If it's a long fence, I'd suggest putting purple and white varieties of Akebia and a few of Lonicera along it, pruning them each spring for a few years to get them to spread out and then letting them mingle on the trellis. It'll be a few years before you get really good cover, but you should get a charming mix of foliage and flowers and loads of hoverflies, your very own anti-aphid air cavalry! A little layering will spread each plant both ways, to give you a more thorough mixture.

Just beware with the Lonicera that not all of them are climbers. Some are shrubs and some are best grown as hedges. I don't know, personally, because it might not like our winters down here in the frost hollow, but if you get the trellis filled with other climbers it should cope with growing up through them.

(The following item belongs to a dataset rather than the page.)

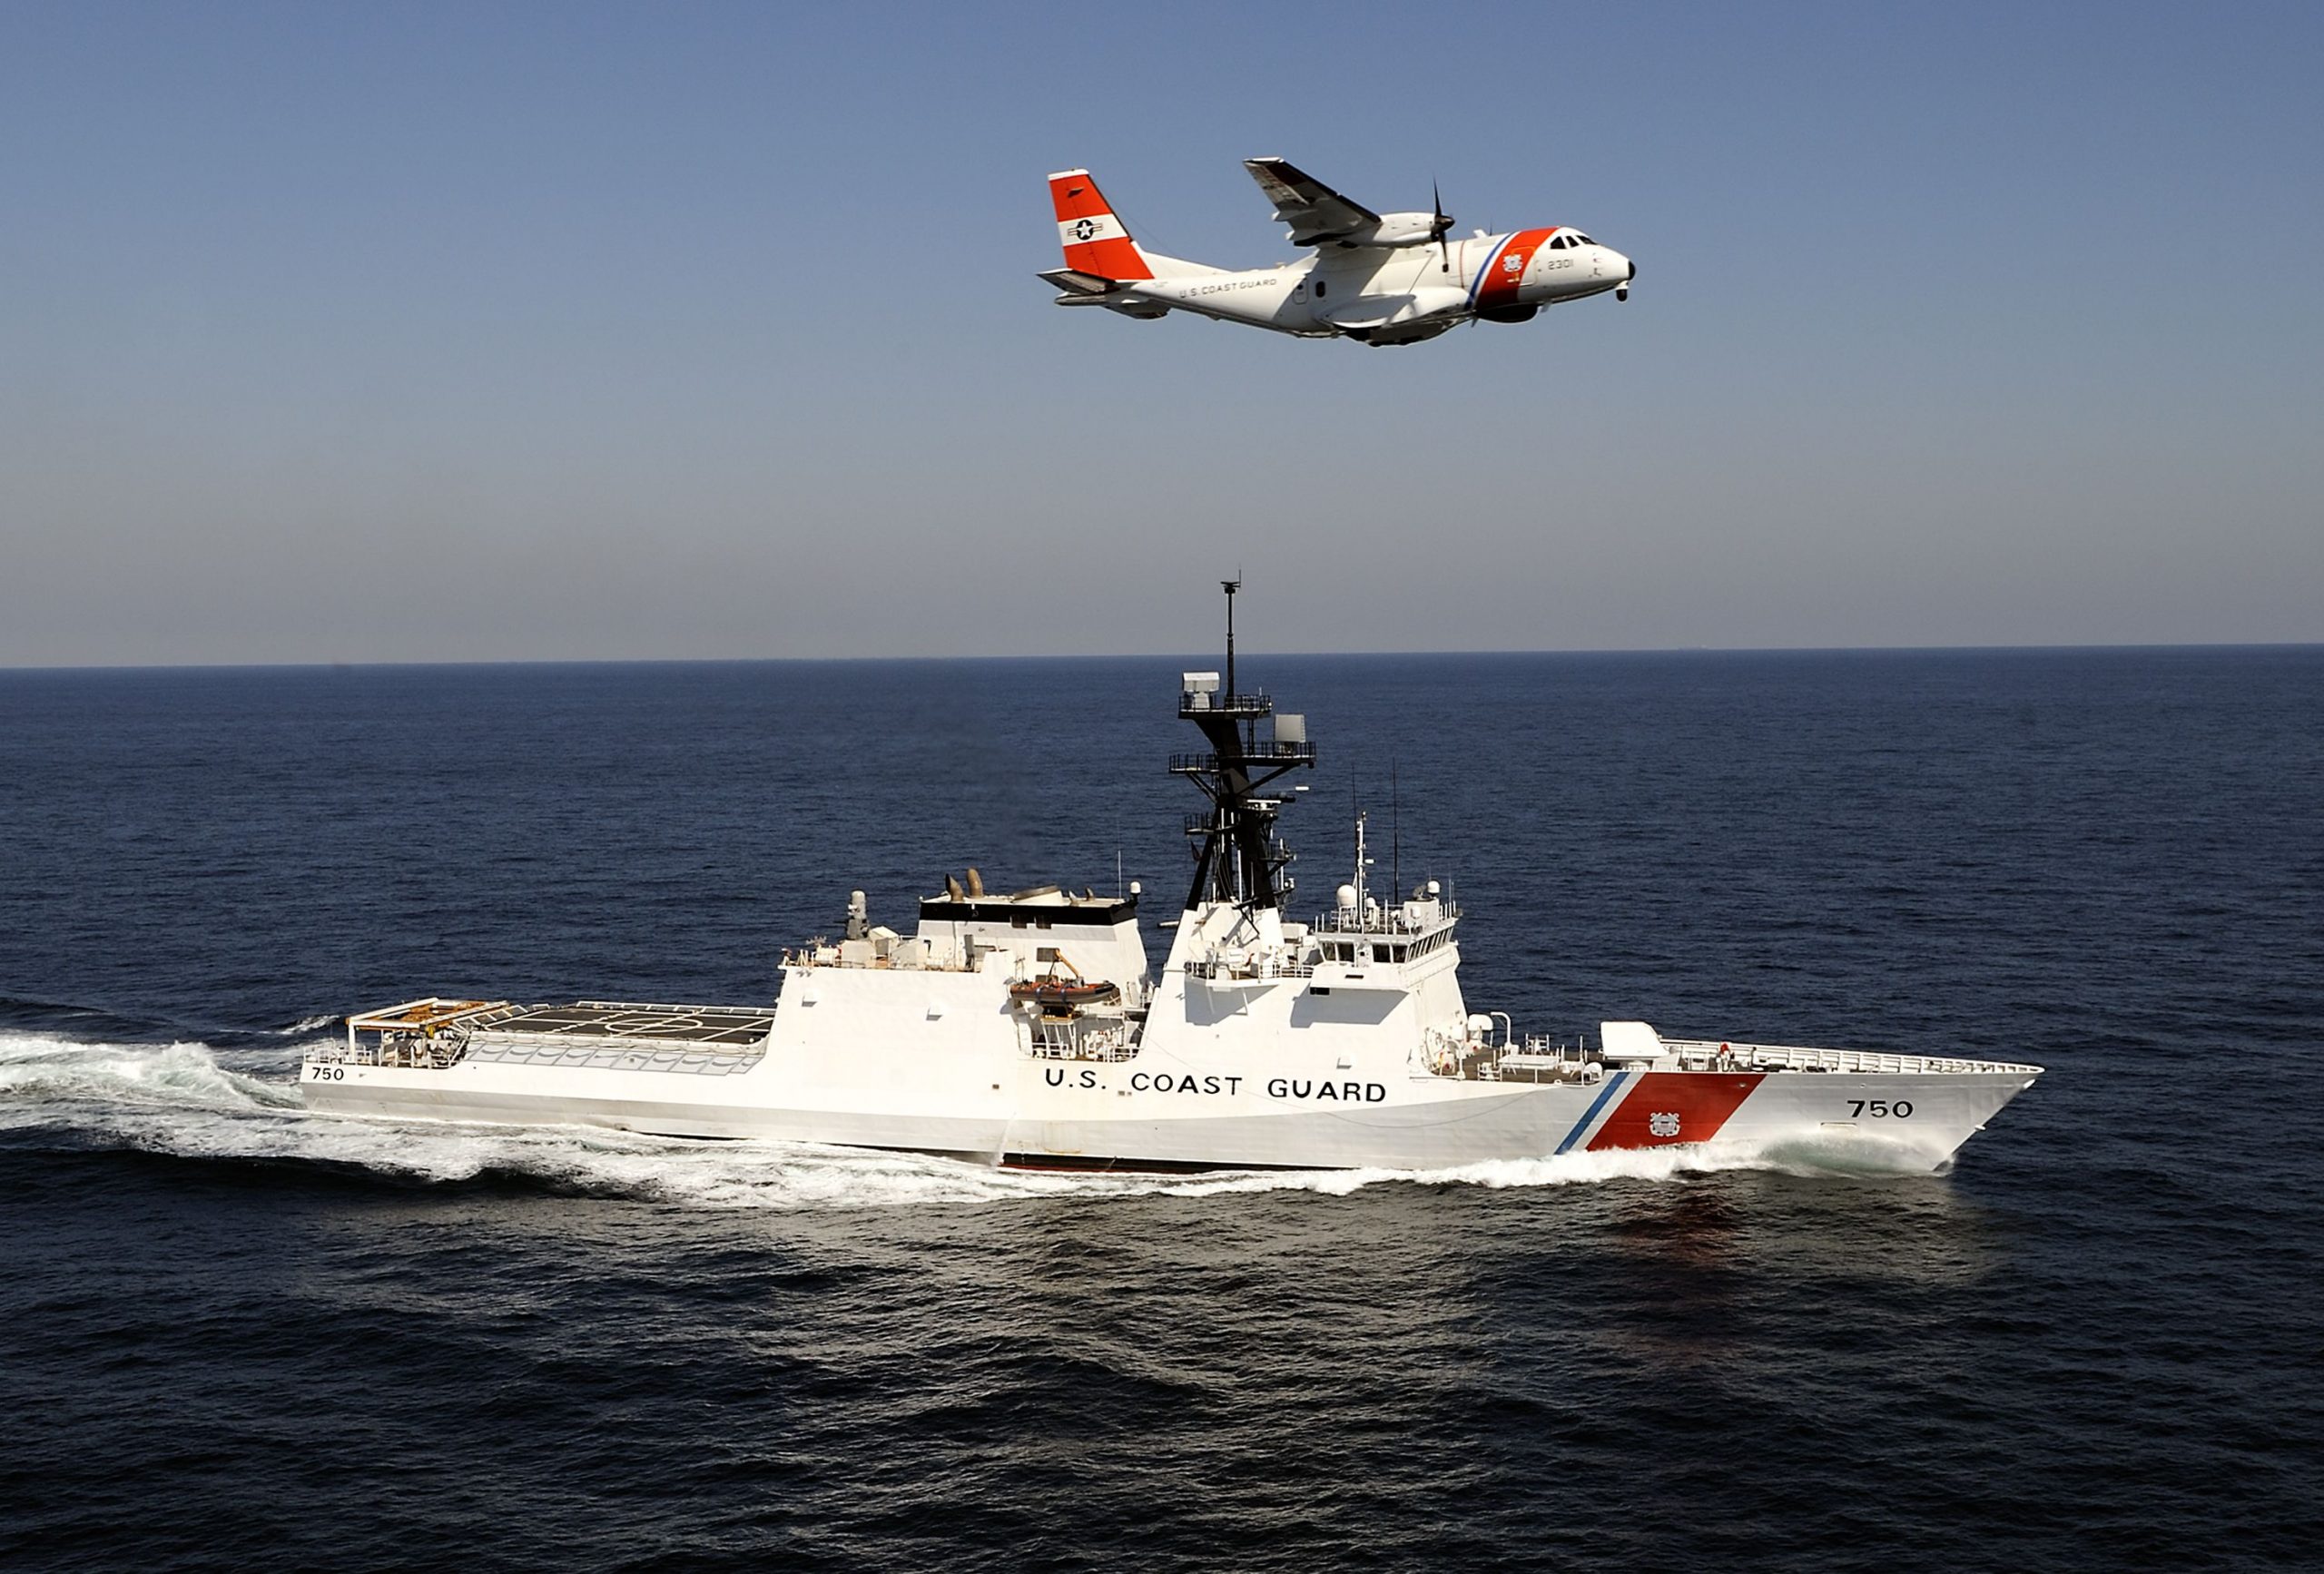 Protection Features of Coast Guard Boats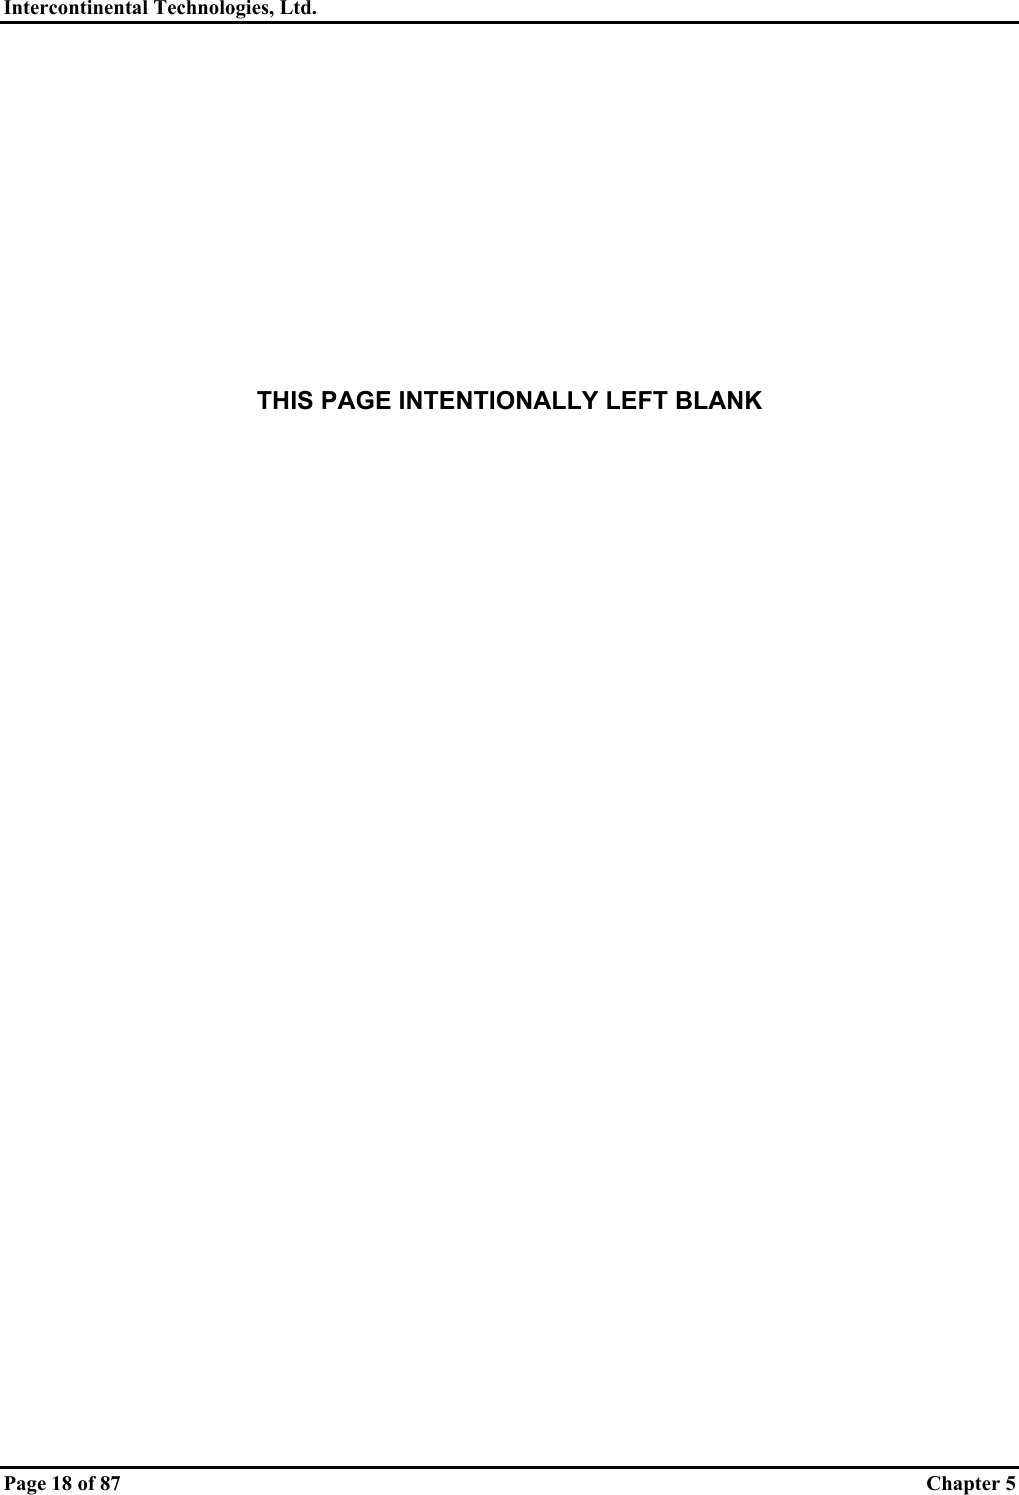 Intercontinental Technologies, Ltd.   Page 18 of 87  Chapter 5            THIS PAGE INTENTIONALLY LEFT BLANK

Having typed all that I read the rest of their list and hit Wisteria at the bottom. Hmm. Well, you'd certainly get some privacy with one of those 8m high and 8m wide but you might need planning permission for that trellis. O.o

If you like it riotous, the mixed honeysuckles and chocolate vines with berberidopsis to follow once they provide shelter. If you like it neat and simple, just one or two kinds of wisteria.

04/06/2013 at 23:53

Akebia and Lonicera are good suggestions but bear in mind most Honeysuckles are deciduous - the evergreen ones are Loniceras Henryi, Halliana and Giraldii.

05/06/2013 at 10:47

Thanks both of you. I am just looking to make a 'wall' to separate a raised deck area and a patio area. There is a small fence at the moment. It would need to be fairly narrow. It would be in full sun morning to evening (lucky aren't I?). I still fancy berries - any comments about cotoneaster horizontalis, would it be ok in a pot and would it grow quickly? Thanks.

19/06/2013 at 02:08

you could fan train a evergreen ceanothus over it - fairly quick growing, blue flowers in spring/summer followed by black berries . Ask at nursery for advice on the best one.

19/06/2013 at 03:33


16/11/2014 at 13:26
Hi folks ???? I have a rectangle patio. It's hard paved wall to wall
on all four sides. From sunrise to sunset there is some area of wall
exposed to sunlight. I would be grateful for any and all advice given. All plants would be from pots/containers. ????